Polemiche arbitrali dopo Inter-Juve, Milan infastidito e costretto a vincere per tenere viva la corsa scudetto e ridare credibilità alla Serie A
Il posticipo di San Siro tra Inter e Juventus ha lasciato dietro di sé molto più di un risultato. Ha alimentato polemiche, riacceso sospetti e, soprattutto, riportato al centro del dibattito la questione arbitrale in Serie A. Quando una partita di tale peso viene segnata da episodi controversi, il danno non è solo per le squadre coinvolte, ma per l’intero sistema.
L’episodio che ha acceso le discussioni riguarda il secondo cartellino che ha portato all’espulsione di Pierre Kalulu, decisione che ha inevitabilmente inciso sull’andamento del match. In molti hanno sottolineato come l’interpretazione dell’arbitro Federico La Penna sia apparsa discutibile, specialmente in confronto a situazioni analoghe viste nella stessa gara. La gestione dei cartellini, la soglia della tolleranza verso le proteste e la coerenza del metro di giudizio sono tornati ancora una volta sotto la lente d’ingrandimento.
Il tema non è nuovo. Da tempo si discute della mancanza di uniformità nelle direzioni di gara, con arbitri che sembrano adottare criteri differenti a seconda del contesto o degli interpreti. La responsabilità non può che ricadere anche sull’organo tecnico arbitrale guidato da Gianluca Rocchi, chiamato a garantire equilibrio e credibilità in un campionato che non può permettersi zone d’ombra.

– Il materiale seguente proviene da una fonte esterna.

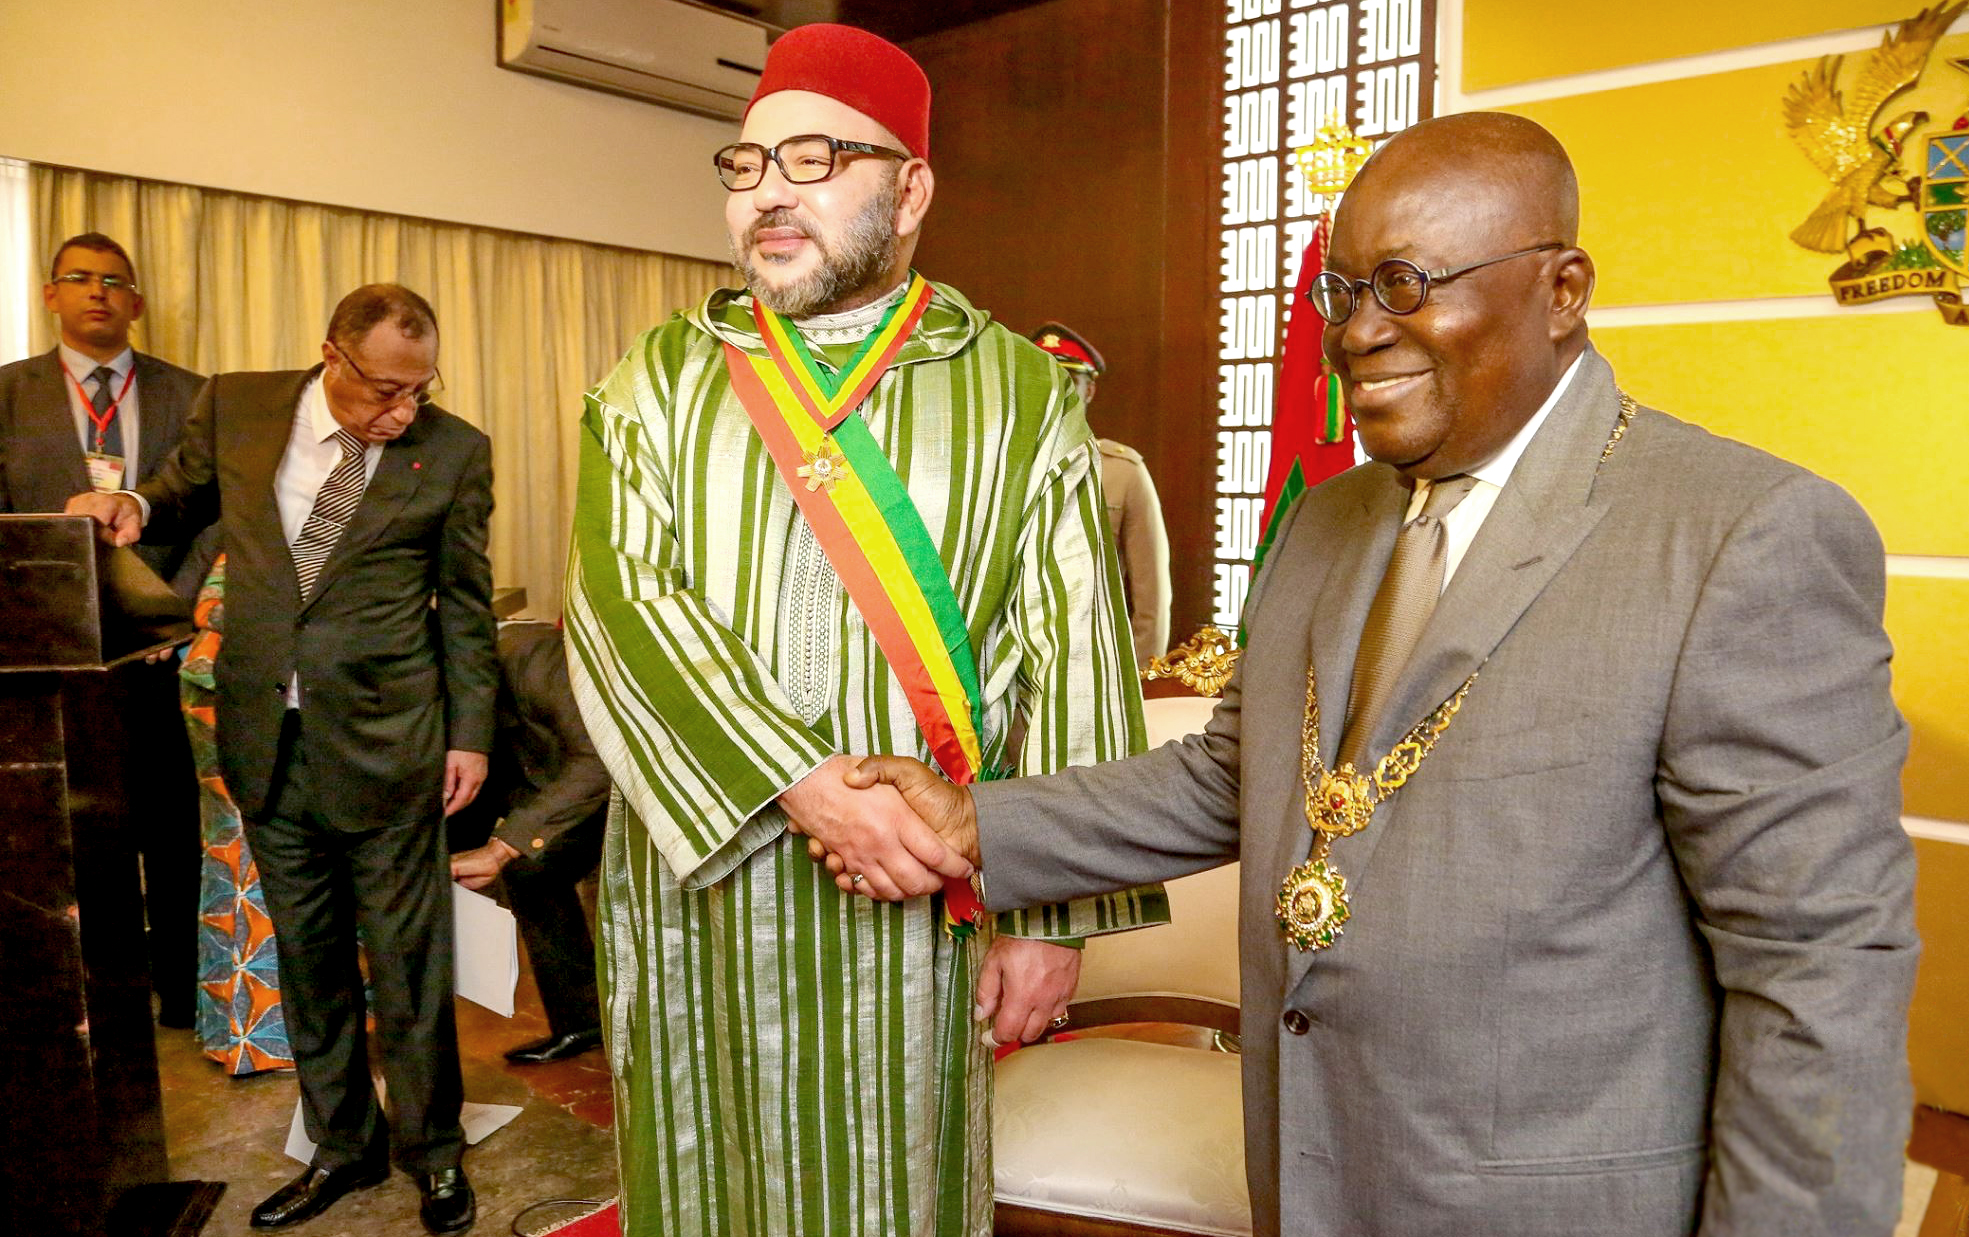 Imane Ouaadil: "I am confident that the ongoing dynamic between Morocco and Ghana will bring our two countries to work together and explore new and untapped opportunities for the sake of our peoples’ prosperity and well being."

Il malumore rossonero per gli ultimi episodi arbitrali
Nel frattempo, la classifica continua a parlare chiaro. L’Inter mantiene un vantaggio significativo, mentre il Milan è costretto a rincorrere. La squadra di Massimiliano Allegri, reduce da una lunga striscia di risultati utili consecutivi, si trova ora davanti a un bivio: vincere le prossime partite per arrivare al derby con ancora margini di speranza, oppure rischiare di vedere lo scudetto allontanarsi in modo quasi definitivo.
Contro il Pisa, pur con i tre punti in tasca, si è vista una squadra capace di colpire quando accelera, ma troppo spesso attendista e poco incisiva nella gestione della gara. Il gol nato da un’azione rapida e ben costruita ha dimostrato che qualità e organizzazione non mancano. Tuttavia, per restare in corsa, servirà maggiore continuità nell’intensità e nella capacità di imporre il proprio ritmo.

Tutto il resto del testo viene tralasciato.